Level 2: Fabric Authorization. Can the user access Microsoft Fabric and the specific workspace or item? This is controlled by workspace roles, item-level permissions, and tenant settings.
Level 3: Data Security. Can the user perform the requested action on the specific table, column, or row? This is where row-level security, column-level security, dynamic data masking, and OneLake security roles come into play.
Think of it like entering a secured office building. Level 1 is your employee badge (are you who you say you are?). Level 2 is whether you have access to a specific floor (can you enter this workspace?). Level 3 is whether you can open a specific filing cabinet on that floor (can you see this particular data?).
DP-700 Exam Tip
The exam frequently presents scenarios where a user cannot see specific data and asks you to identify the cause. Always think in terms of these three levels: authentication, authorization, and data security.

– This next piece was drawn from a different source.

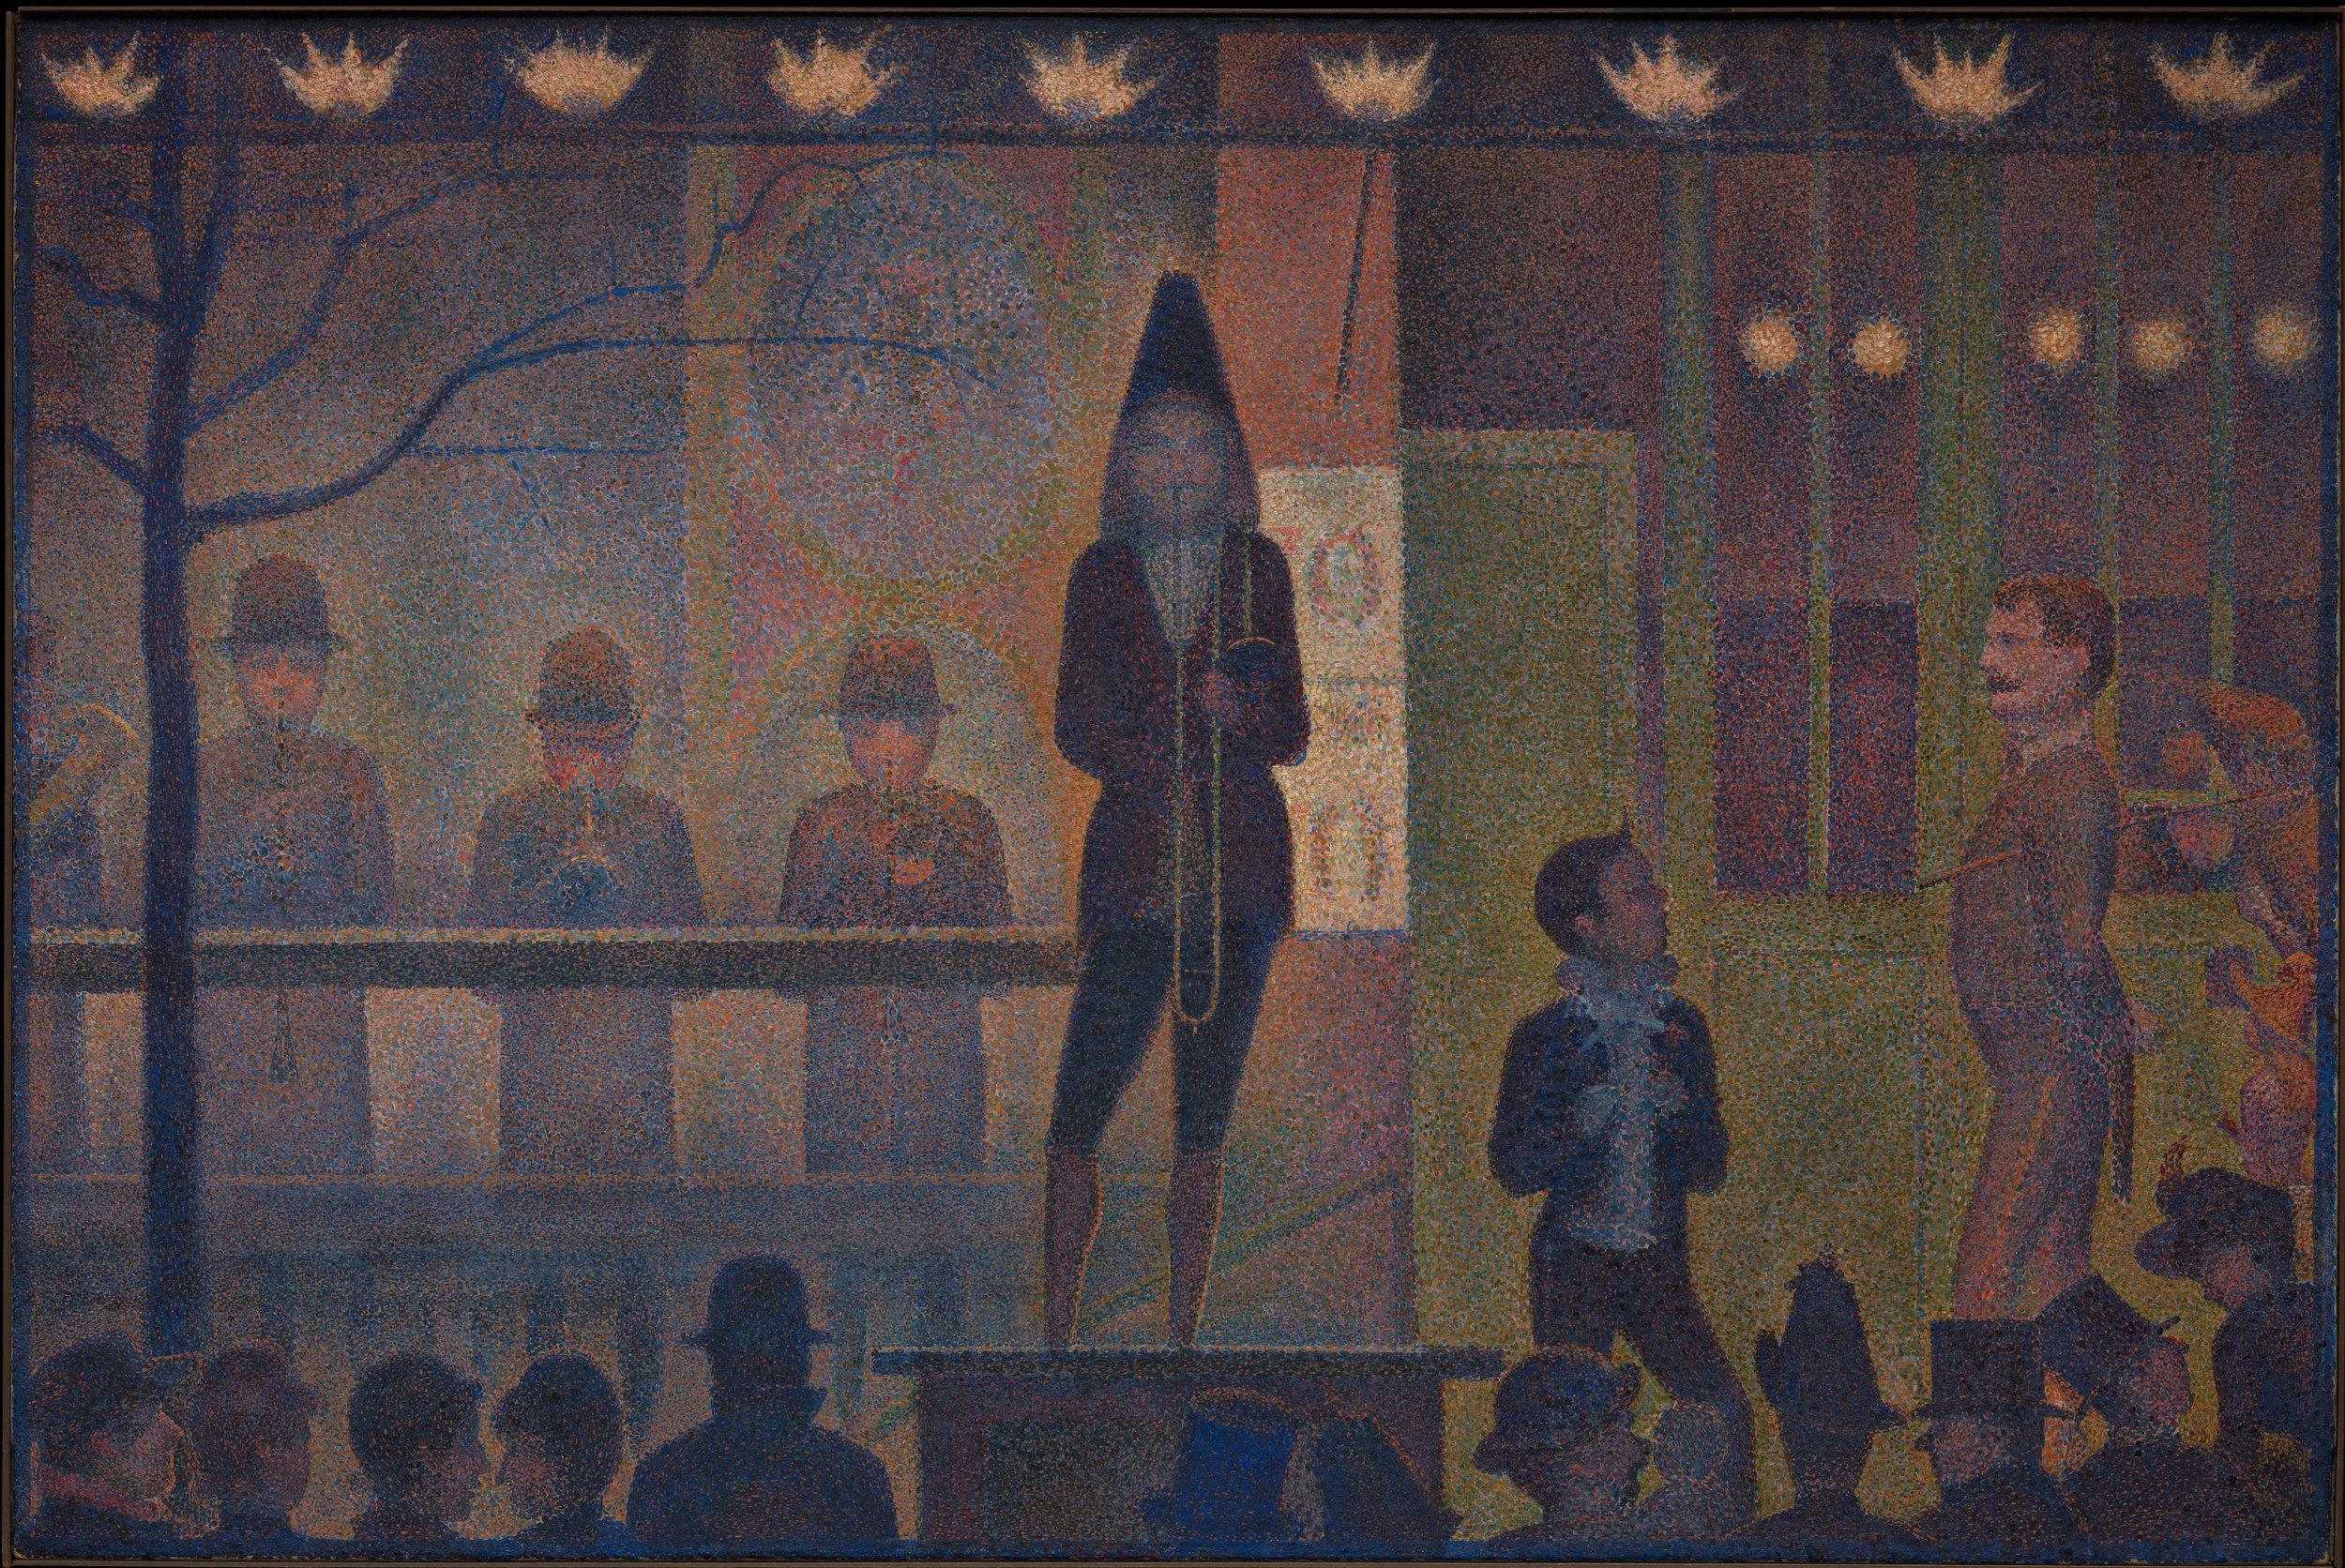 """Parade de cirque"" by Georges Seurat"

Take Your DP-700 Prep to the Next Level
Reading articles is great for understanding concepts. But passing the exam requires practice. I created a comprehensive practice test course specifically for DP-700: Implementing Data Engineering Solutions Using Microsoft Fabric. Inside you will find:
300+ exam-style questions 5 full practice tests Case studies and scenario-based questions Detailed explanations, learn WHY each answer is correct All 3 exam domains covered
Whether you are just starting or doing final prep, these tests will show you exactly where you stand.
Limited offer: Use code EARLY_BIRD at checkout Get the practice exams on Udemy
1. Workspace Roles: Admin, Member, Contributor, and Viewer
Workspaces are the primary organizational unit in Fabric. They sit on top of OneLake and divide the data lake into separate containers that can be secured independently. Workspace roles are the first and broadest layer of access control.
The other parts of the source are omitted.